- Born: 1933 (age 92–93) Sioux City, Iowa, U.S.
- Education: Colorado College University of Minnesota, Duluth

= Ann Royer =

American painter

Ann Royer is a painter and sculptor living and working in Cedar Rapids, Iowa. Her work consists mostly of abstract nudes and horses. She was born in Sioux City, Iowa in 1933.

==Education and work==
Royer graduated from the School of Art at Colorado College. She later attended the University of Minnesota, Duluth. She studied art, against her family's initial wishes.
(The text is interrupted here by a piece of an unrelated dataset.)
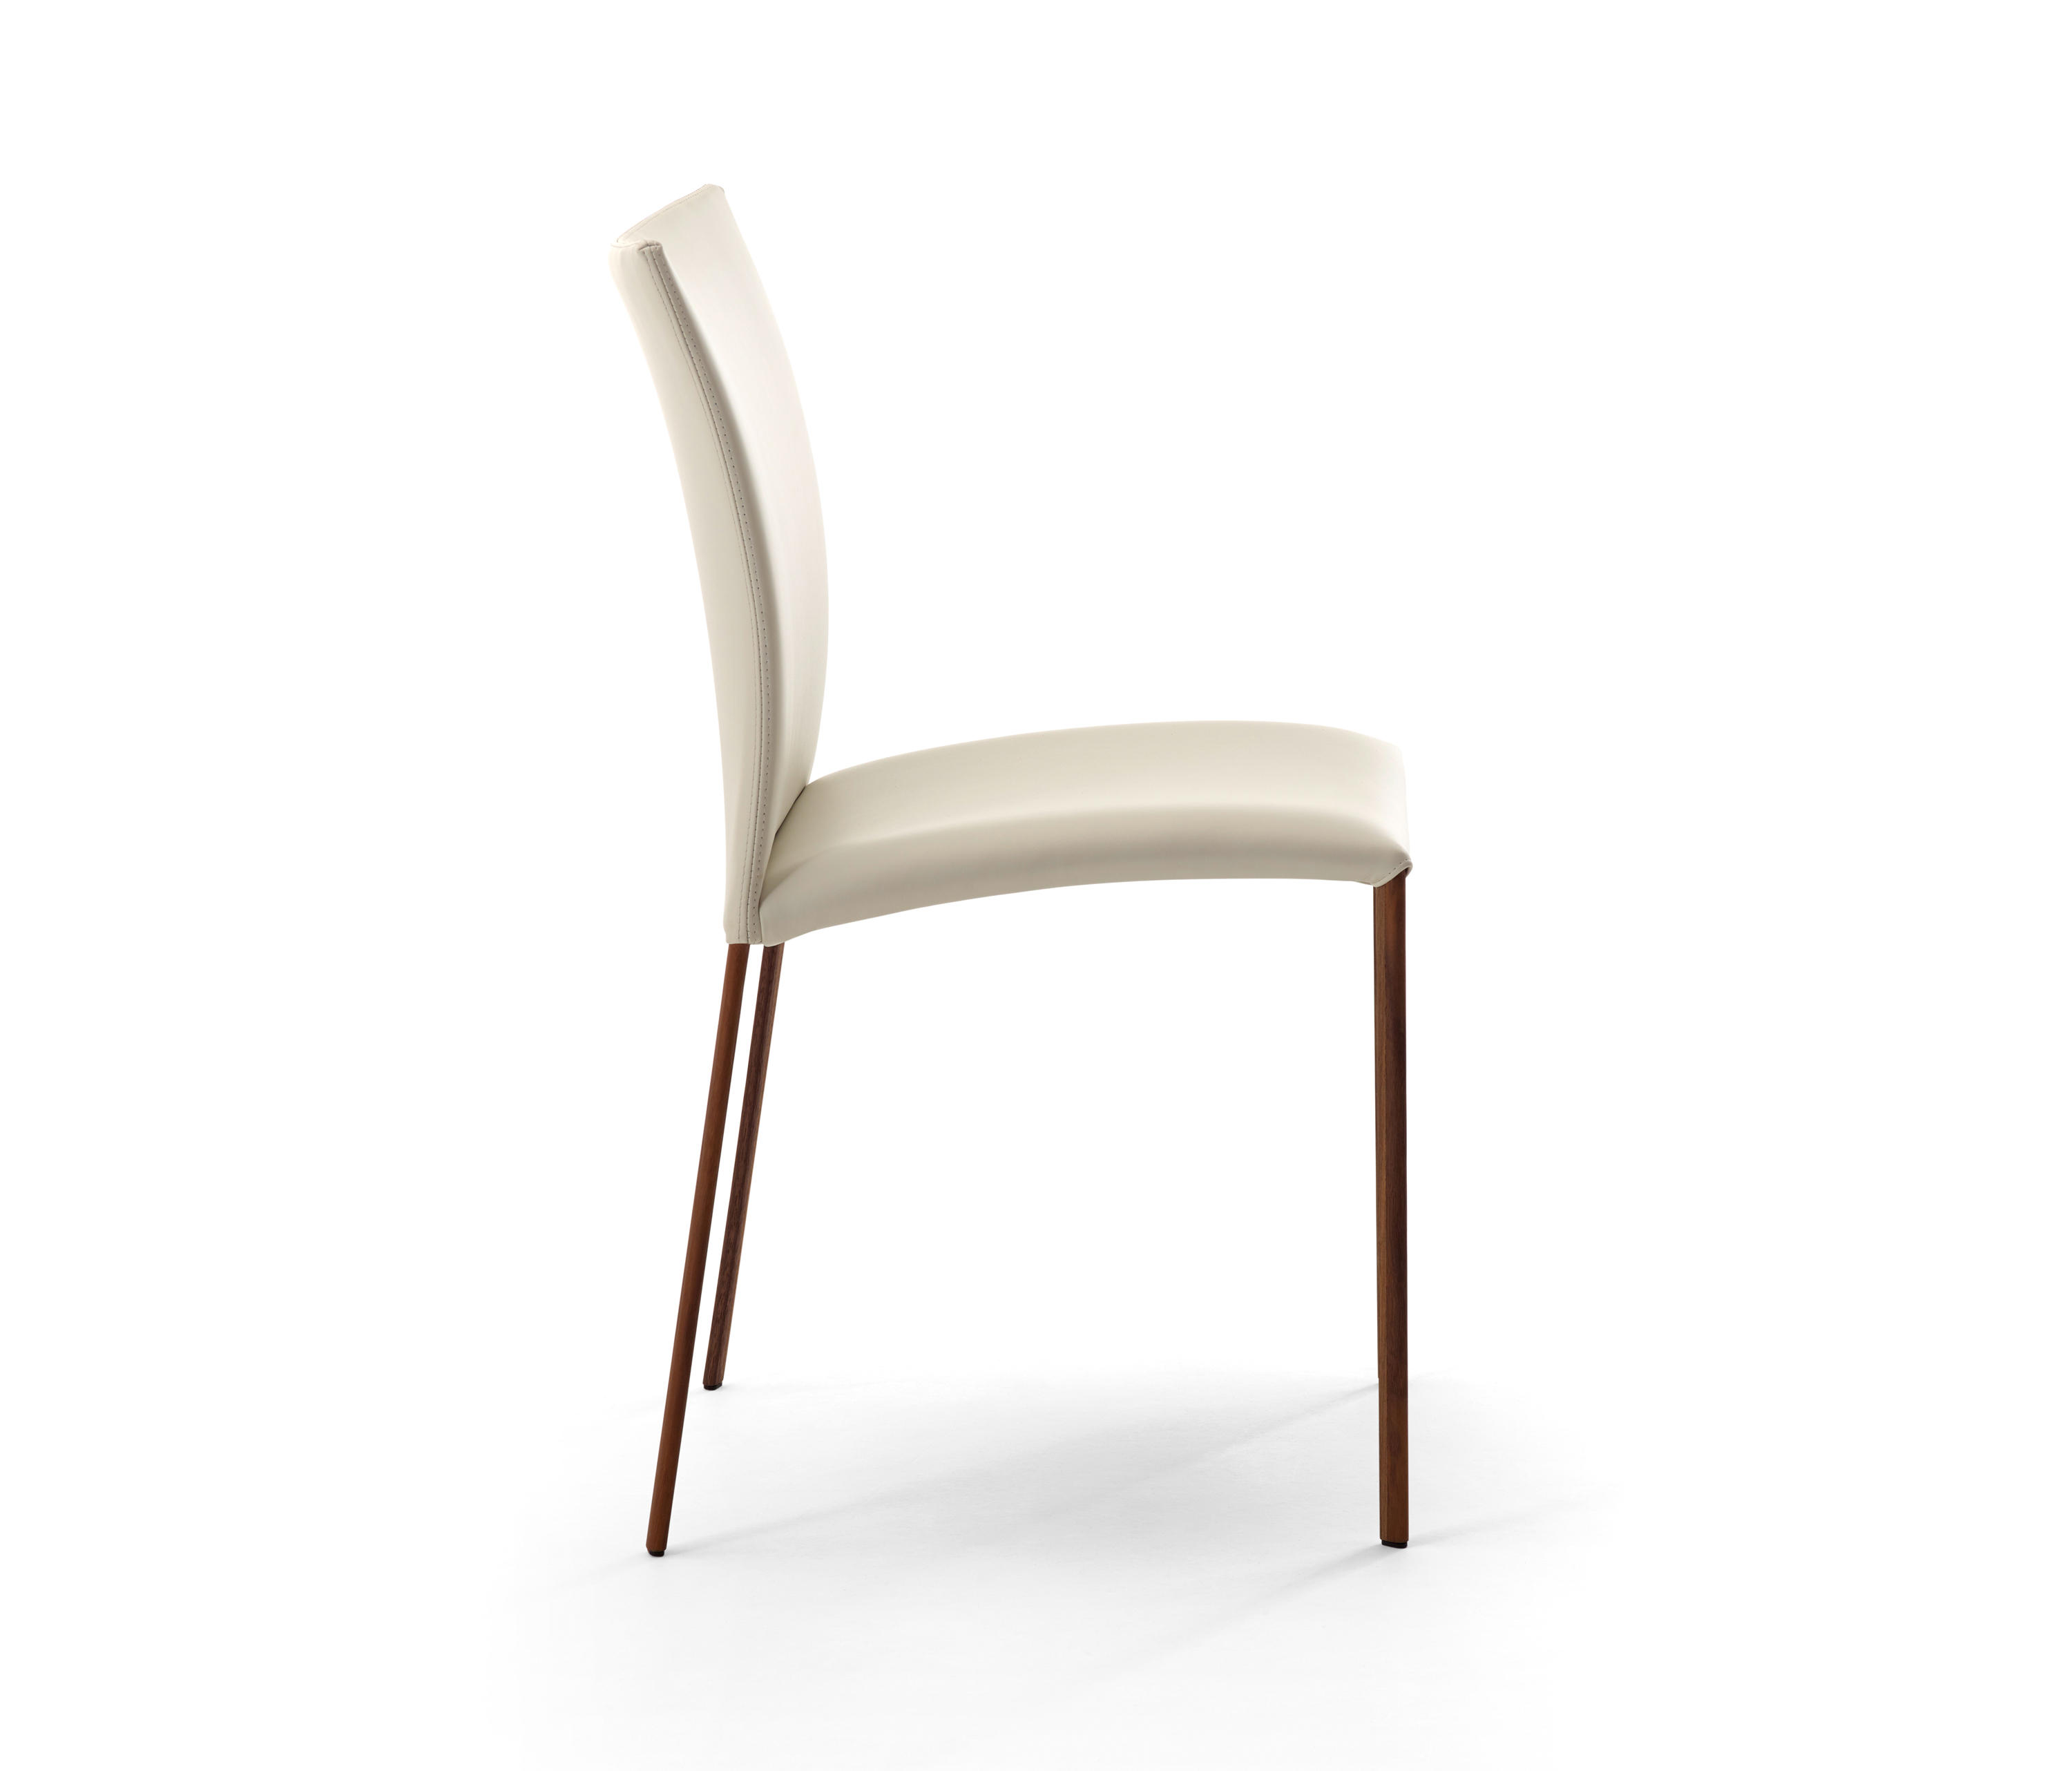 NOBILE Soft Chair by Draenert

Royer credits a 1975 Chinese Art Exposition as her greatest source of inspiration. In 1966, she attended the Congress of Infectious Diseases in the USSR.

In 2008, Royer was the subject of a short documentary by Brett Edward Stout. It was shown at the Cedar Rapids Independent Film Festival and on KCRG TV9.

== Exhibitions ==
Royer's work is prominently featured in the Cornerhouse Art Gallery. Between 1975 and 1997, her work was exhibited at the Sioux City Art Center, the Museum of Art Cedar Rapids, the Jewish Community Center Houston, Engel Gallery Jerusalem, the Zoma Gallery New York, the Ice House Dallas, and the Osburne Gallery in St. Paul, Minnesota.

== Public sculptures ==
Royer was commissioned by the city to create several large bronze public sculptures in downtown Cedar Rapids, Iowa. Her large sculptures include Pas De Deux on the corner of 1st Avenue and 3rd Street, Between Friends on the corner of 3rd Avenue and 3rd Street, and a sculpture at Mount Mercy College.